## Work to be completed
Would you please copy the part of the material below that opens with the line containing "COSRX Hydrium Centella" and closes with the line containing "Boston patriots parade on July 4"? Copy it exactly, and only it.

───── Study material ─────

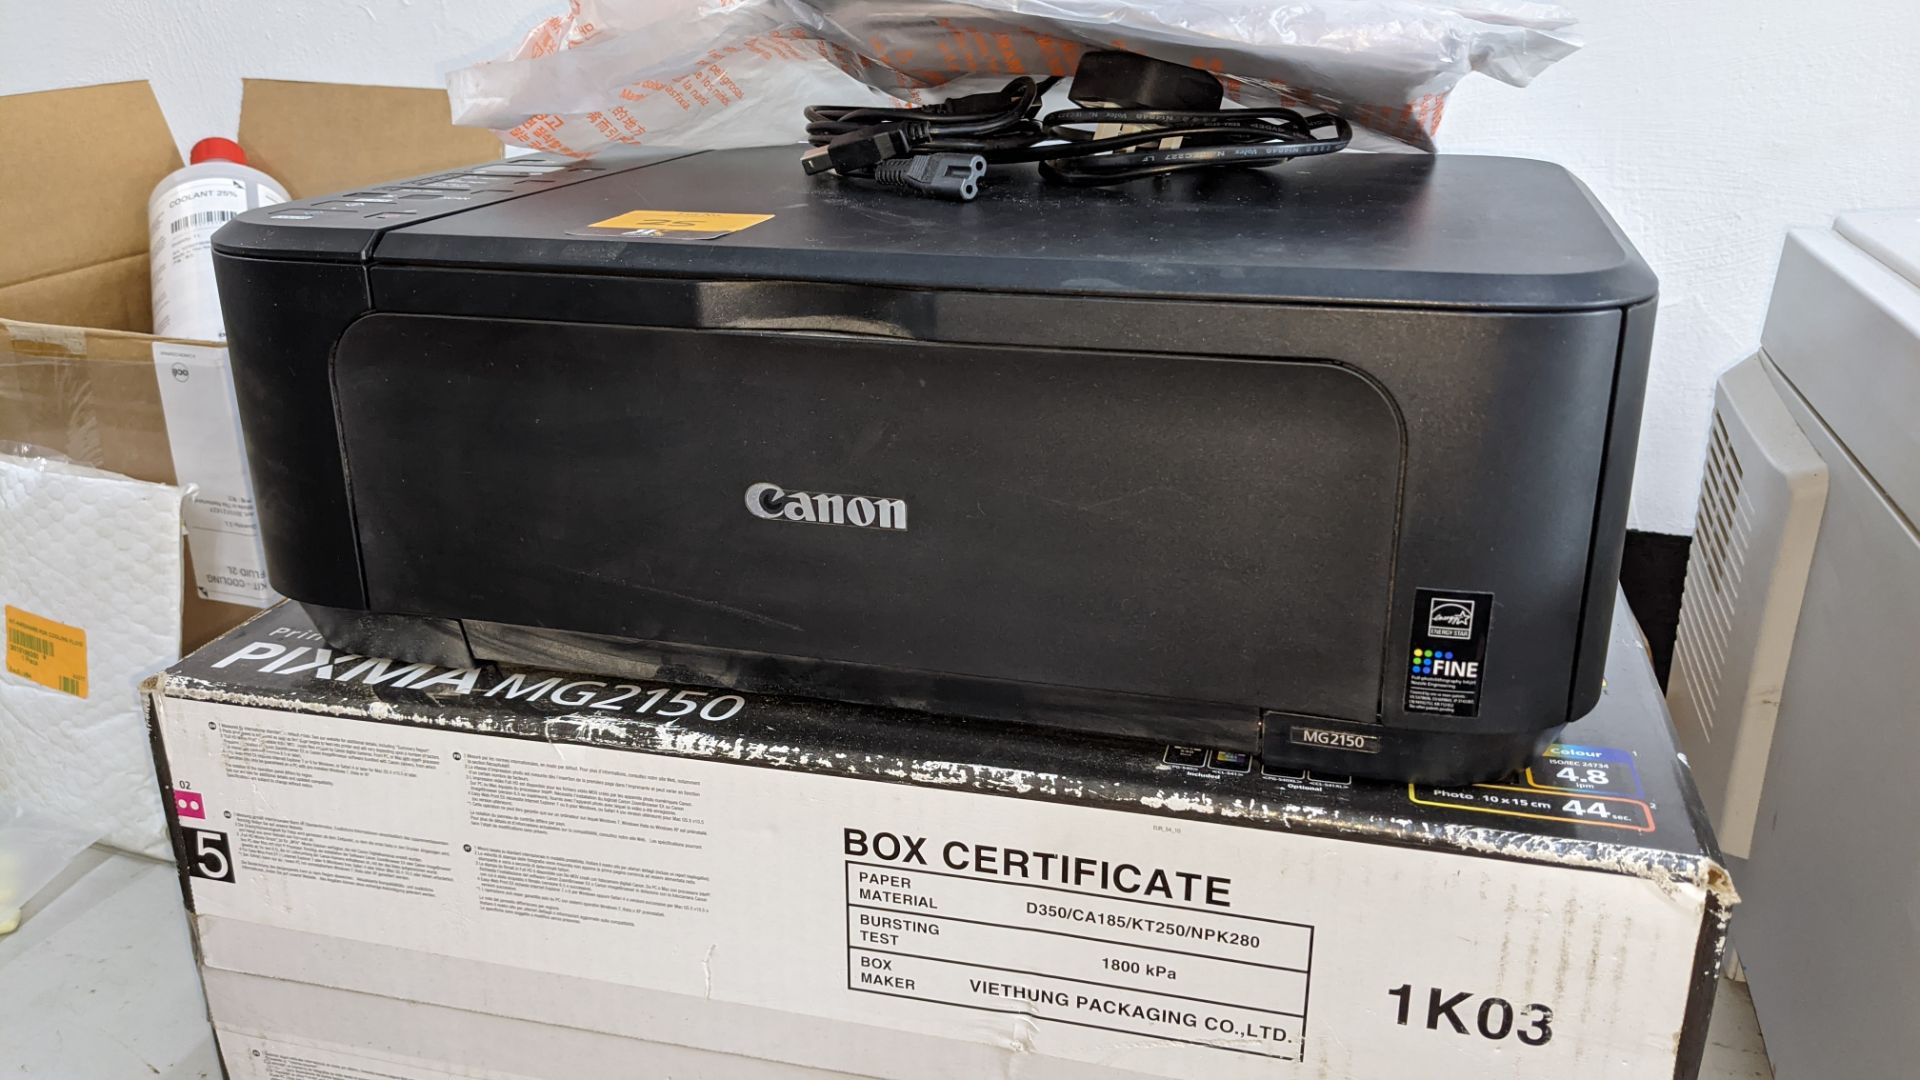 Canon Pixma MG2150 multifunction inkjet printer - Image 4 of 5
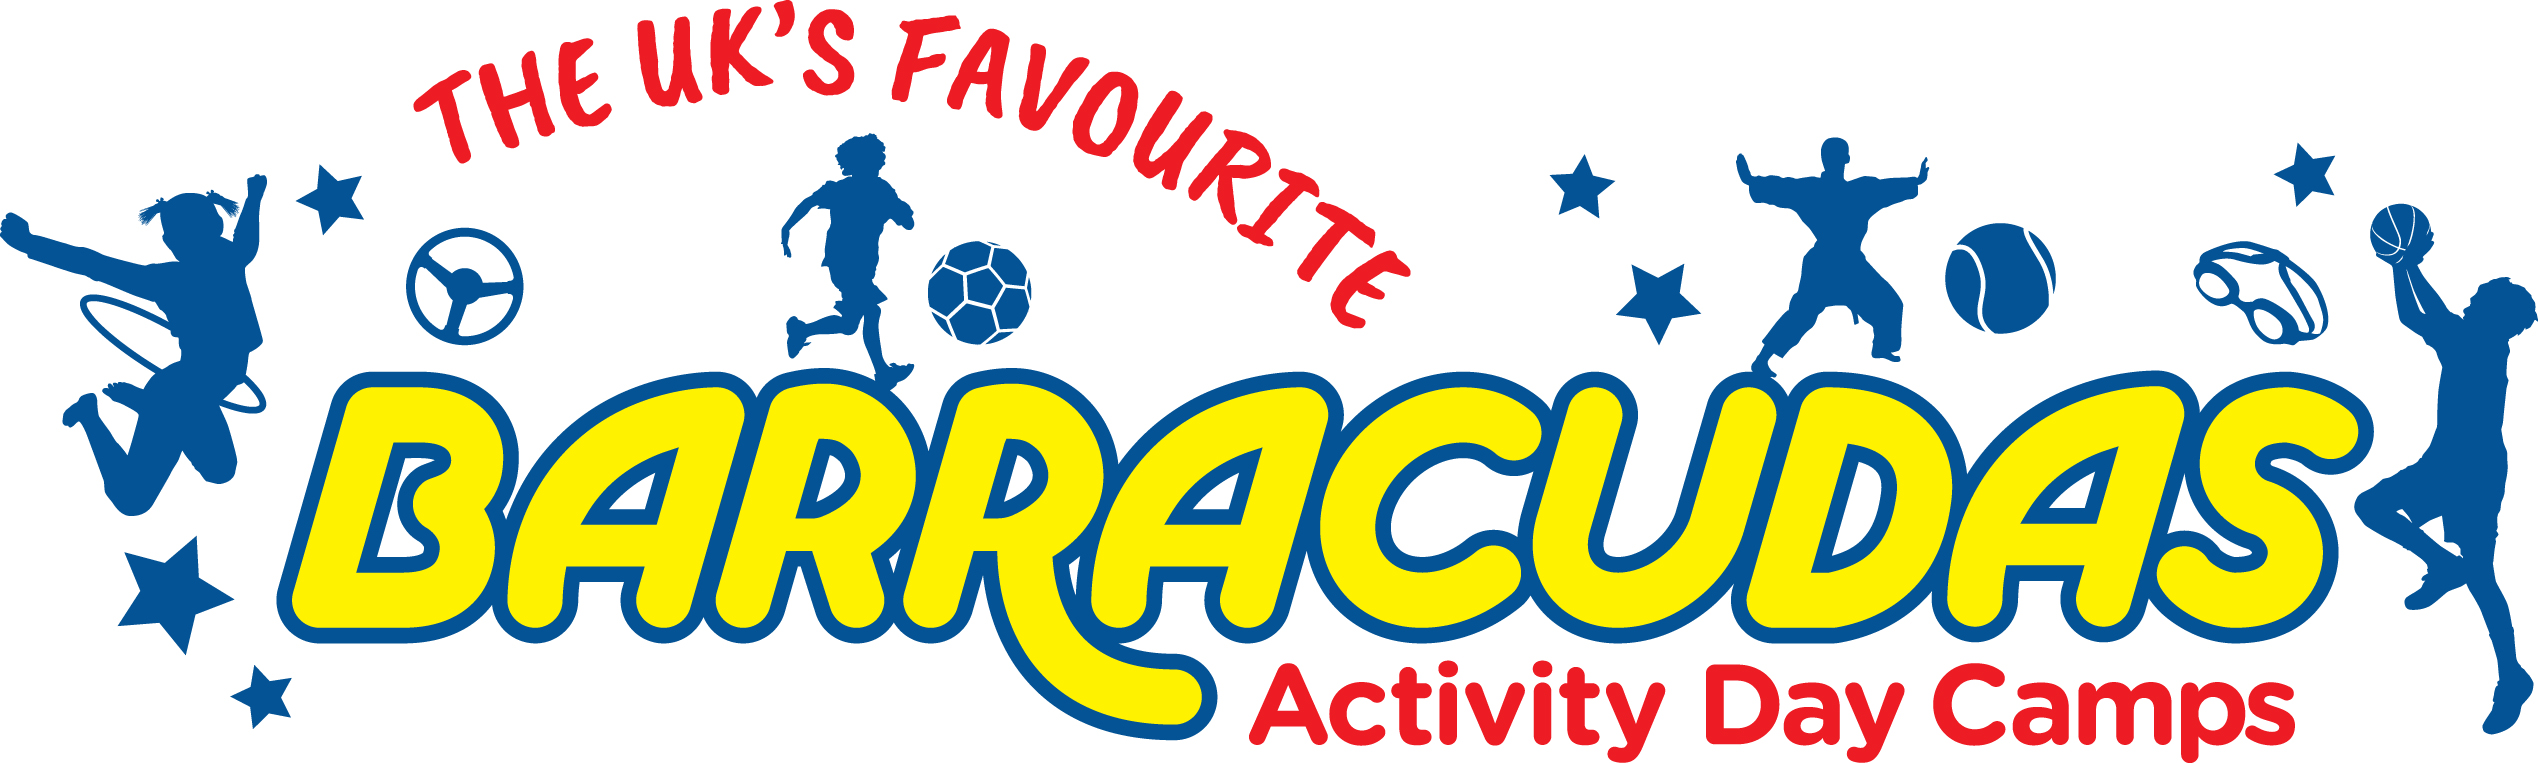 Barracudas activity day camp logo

─────
───── Study material ─────

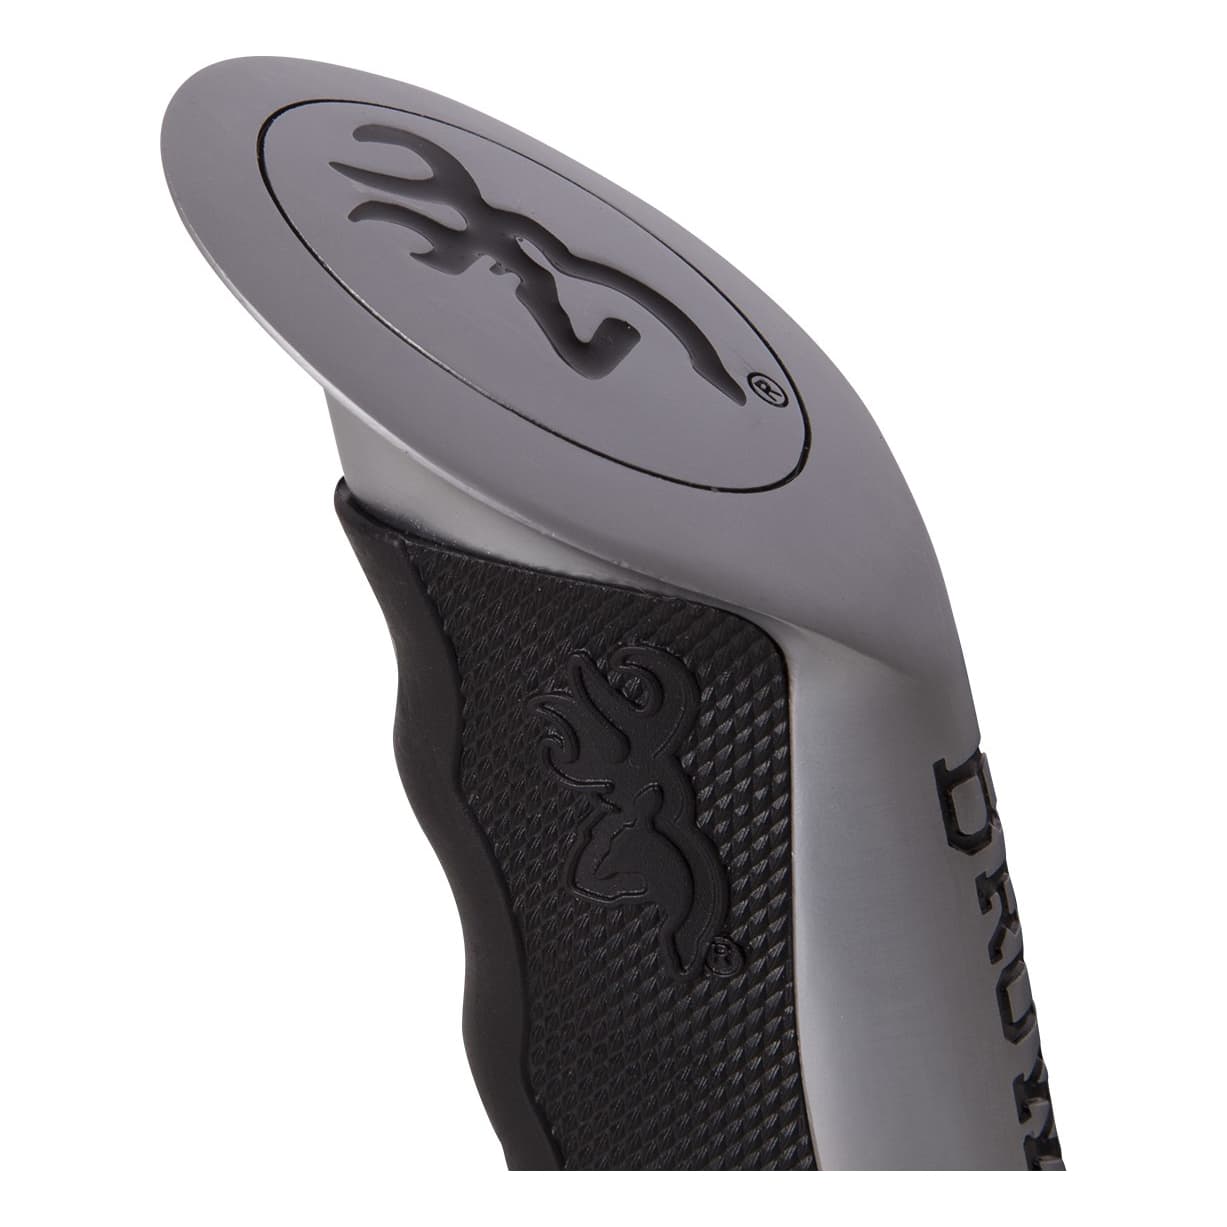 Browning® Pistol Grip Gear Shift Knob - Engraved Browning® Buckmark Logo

─────
───── Study material ─────

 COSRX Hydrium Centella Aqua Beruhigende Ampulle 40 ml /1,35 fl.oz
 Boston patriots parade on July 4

─────

## Reply to the exercise
 COSRX Hydrium Centella Aqua Beruhigende Ampulle 40 ml /1,35 fl.oz
 Boston patriots parade on July 4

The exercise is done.